### Aim of the exercise:
Among the entries below, find the line with "I got to take", then quote it and each following line up to and including the line with "We drove one", and nothing else.

### Data:

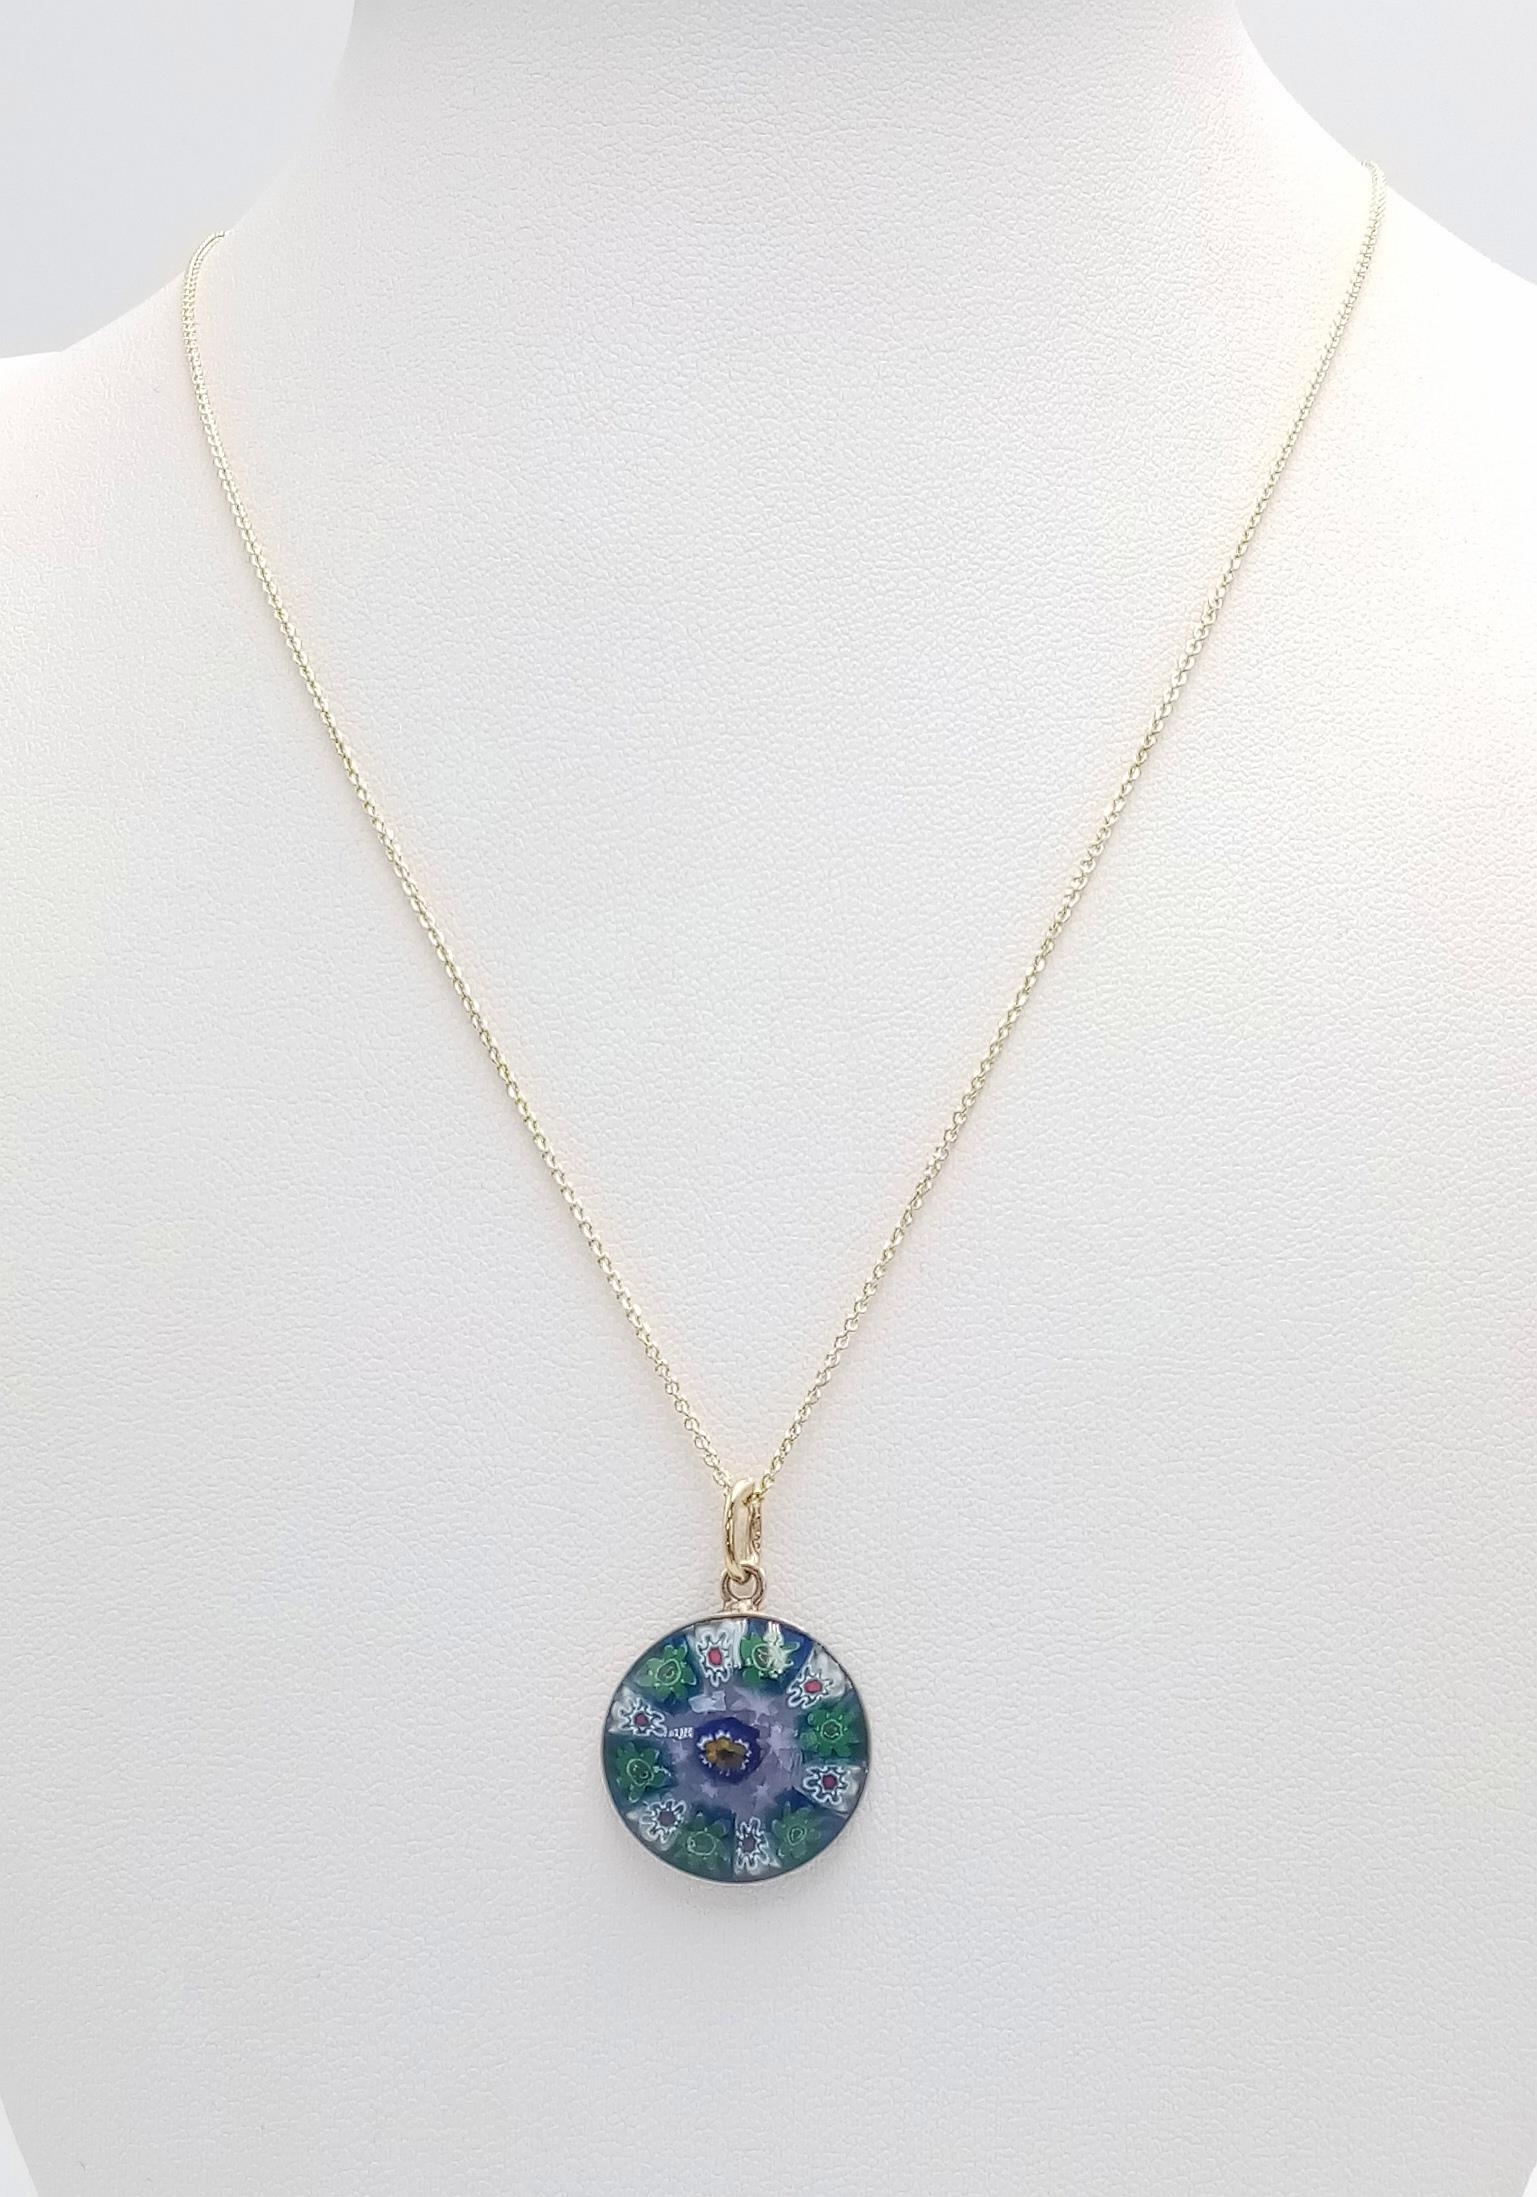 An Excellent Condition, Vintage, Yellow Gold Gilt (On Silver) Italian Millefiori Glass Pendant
...
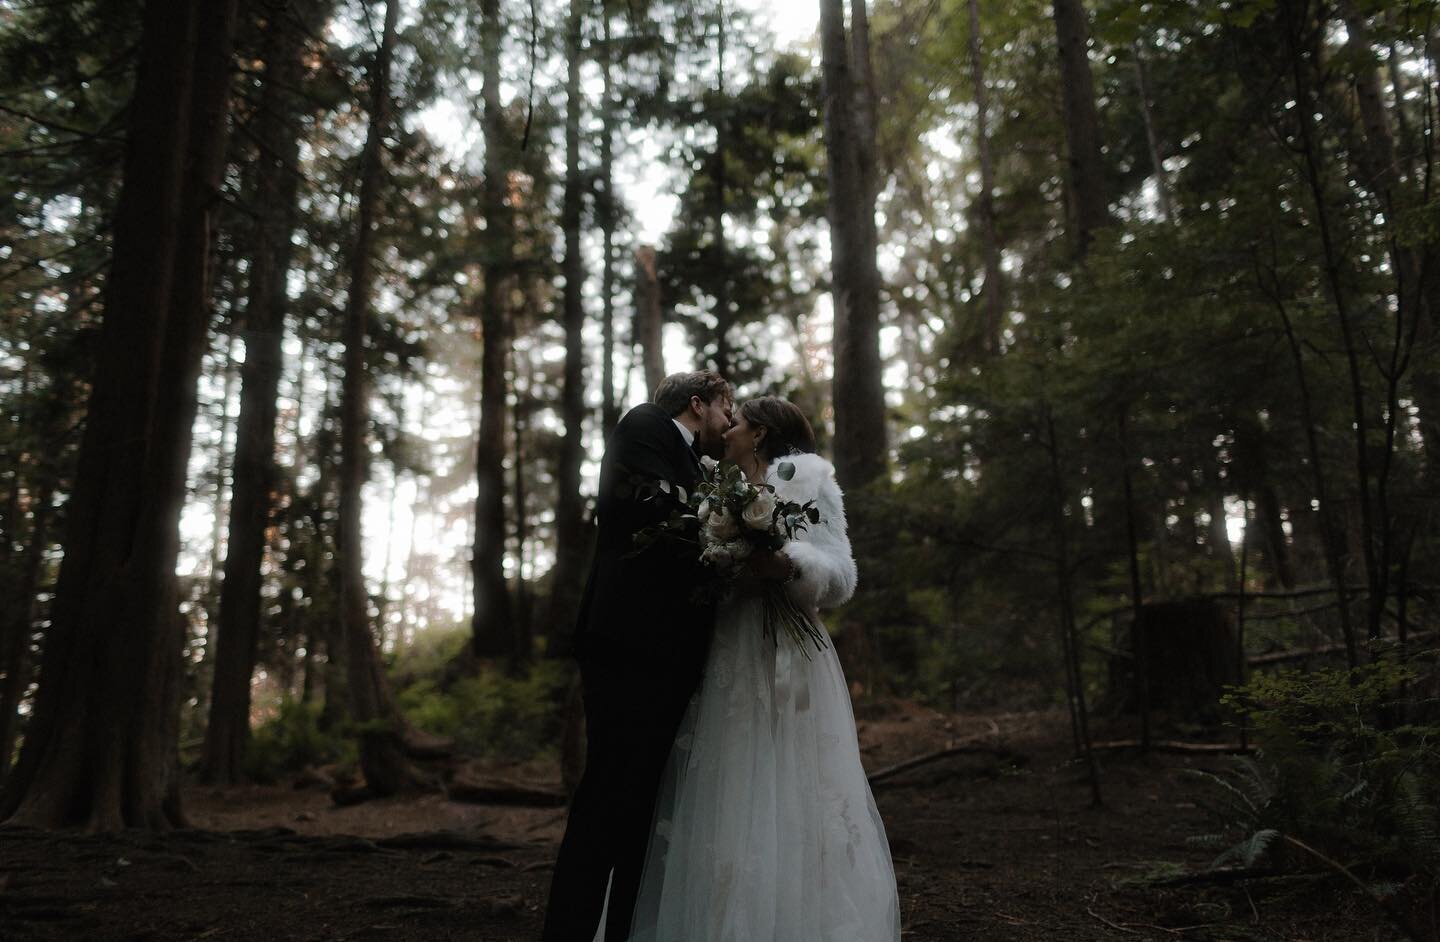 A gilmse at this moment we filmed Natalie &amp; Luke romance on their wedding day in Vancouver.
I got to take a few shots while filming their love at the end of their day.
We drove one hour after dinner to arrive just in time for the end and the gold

### Solved problem:
I got to take a few shots while filming their love at the end of their day.
We drove one hour after dinner to arrive just in time for the end and the gold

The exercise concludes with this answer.